-- SUPPLIED MATERIAL follows --
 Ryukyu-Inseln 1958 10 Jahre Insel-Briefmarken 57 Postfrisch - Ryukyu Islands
-- SUPPLIED MATERIAL concluded --
-- SUPPLIED MATERIAL follows --
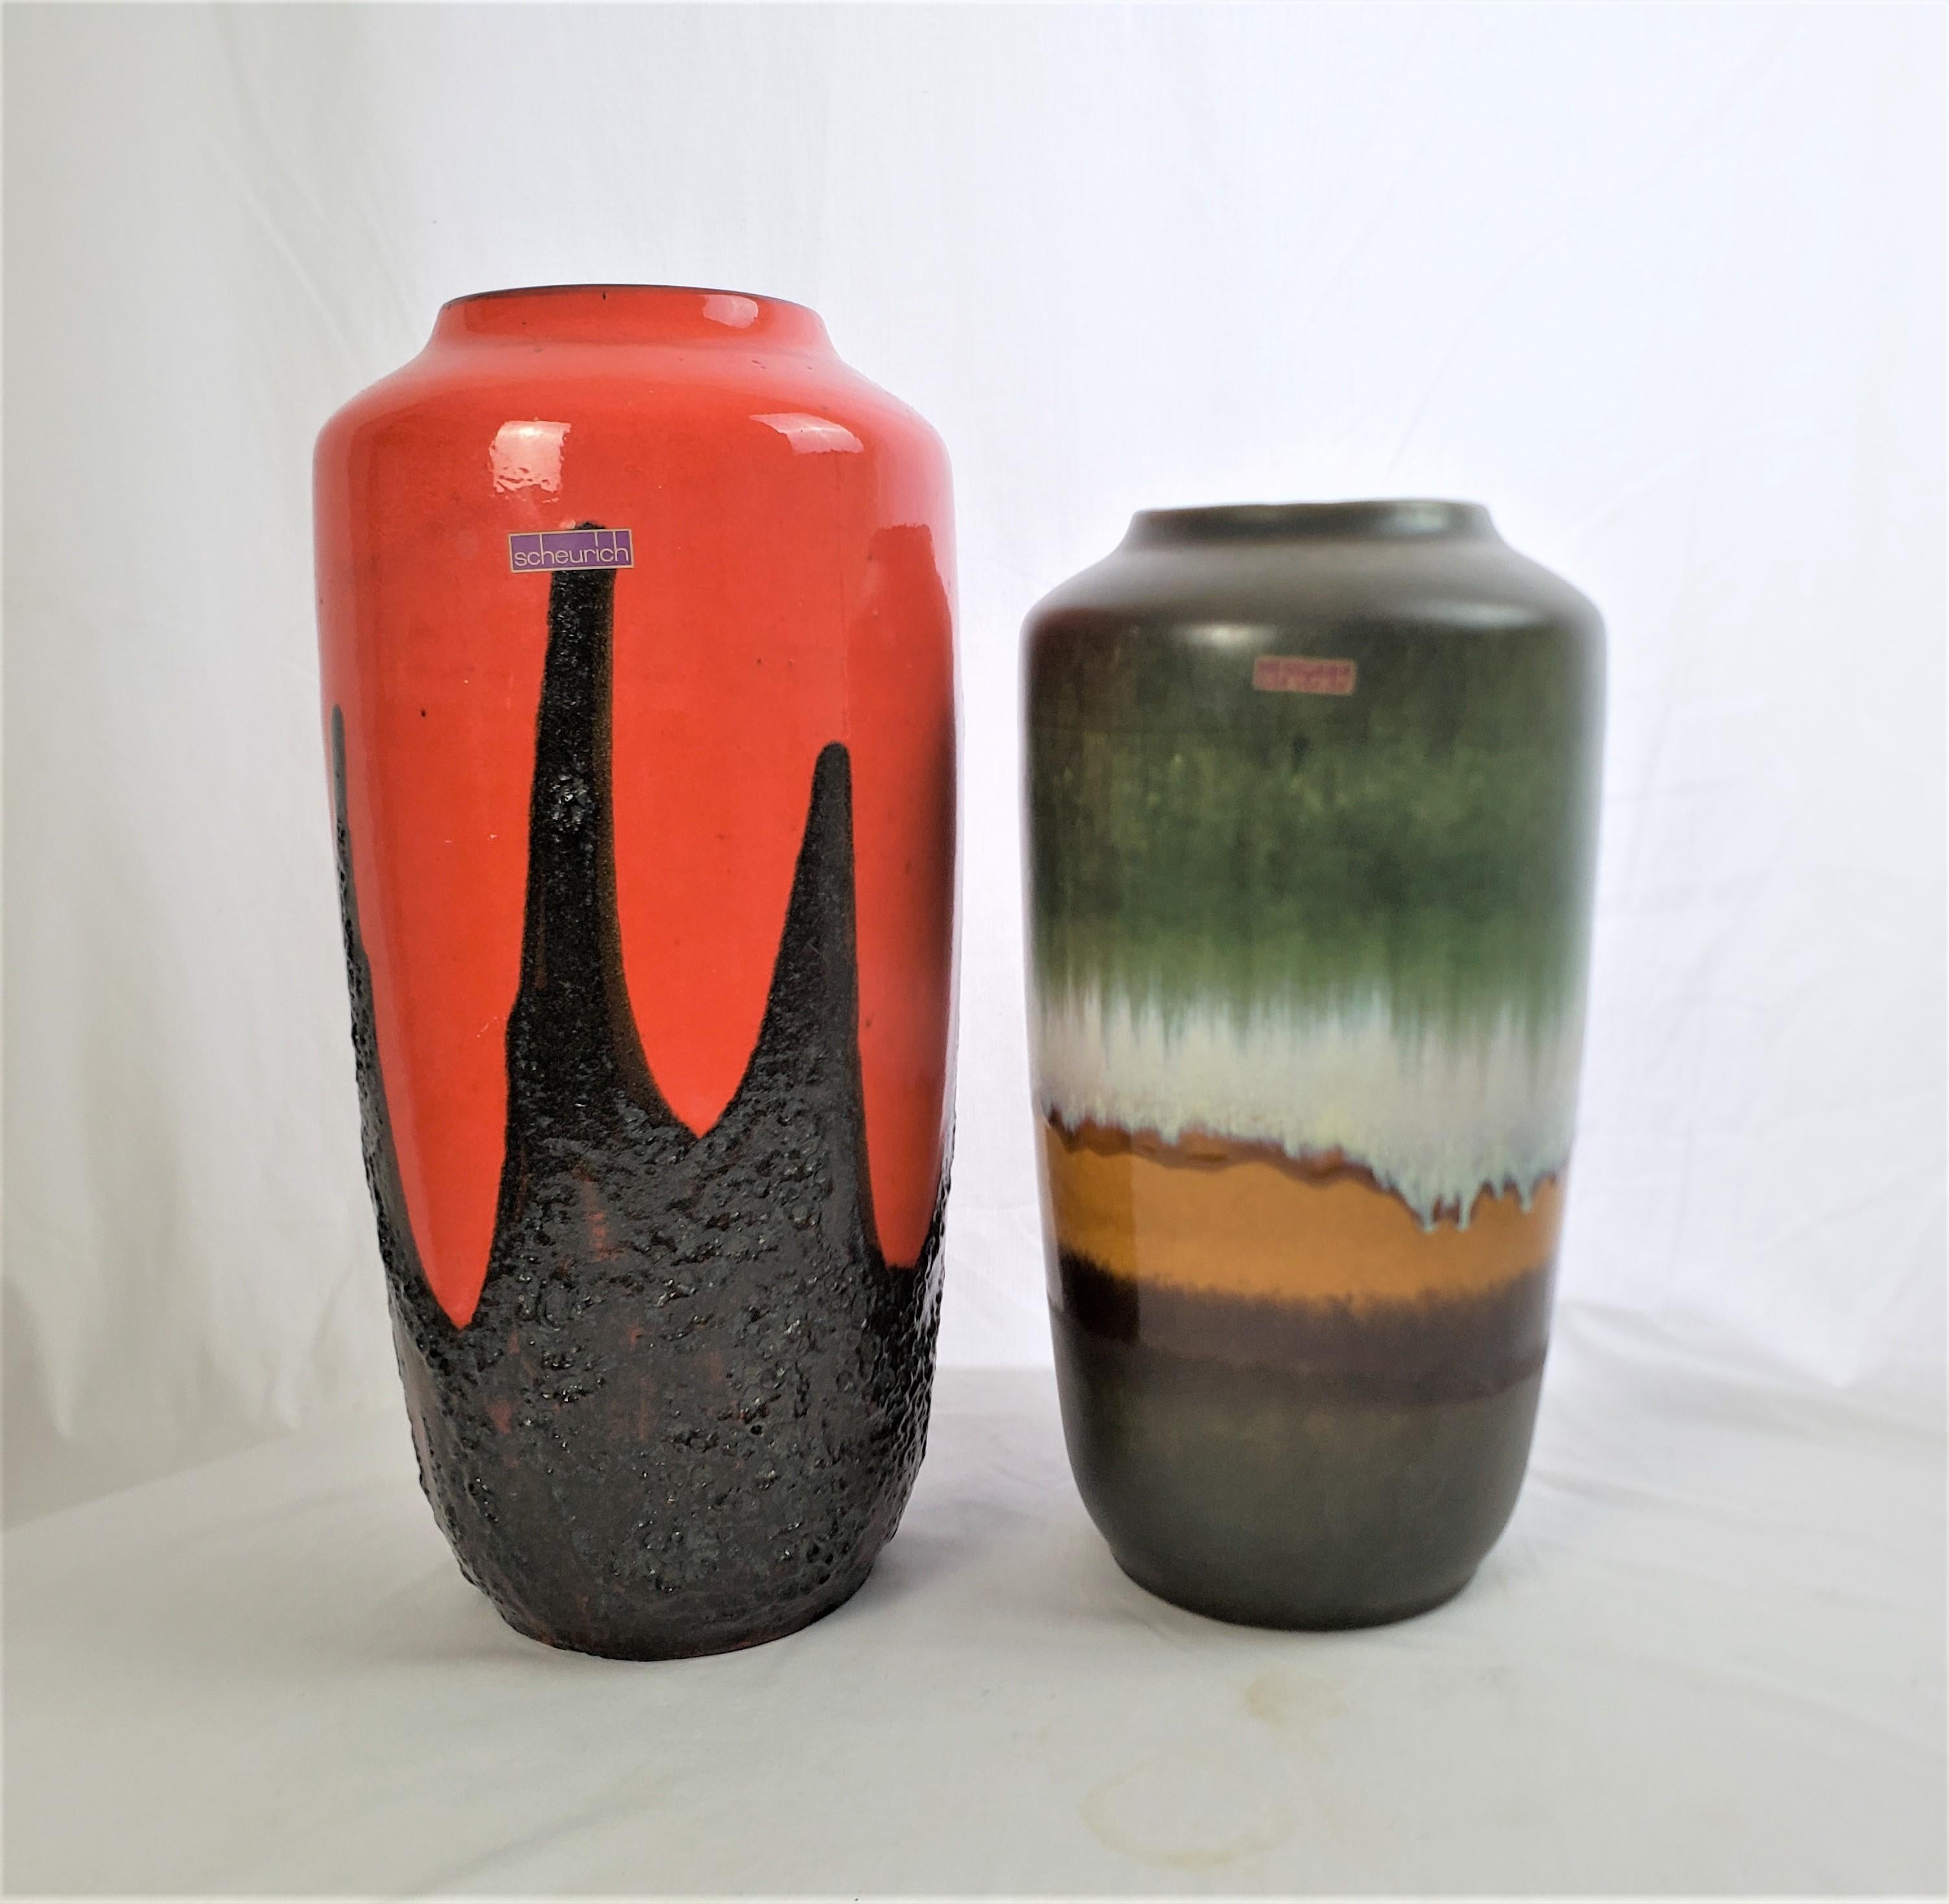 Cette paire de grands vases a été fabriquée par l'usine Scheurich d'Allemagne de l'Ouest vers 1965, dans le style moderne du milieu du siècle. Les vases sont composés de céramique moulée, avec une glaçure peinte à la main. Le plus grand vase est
-- SUPPLIED MATERIAL concluded --
-- SUPPLIED MATERIAL follows --
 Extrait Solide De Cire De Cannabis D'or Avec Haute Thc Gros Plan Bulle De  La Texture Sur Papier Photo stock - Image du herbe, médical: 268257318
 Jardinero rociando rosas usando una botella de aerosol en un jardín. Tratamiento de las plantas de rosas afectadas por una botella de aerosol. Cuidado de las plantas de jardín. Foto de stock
-- SUPPLIED MATERIAL concluded --
Count the lines in the listing that hold the word "stock", then give the number and nothing else.

**RESPONSE AREA:** 2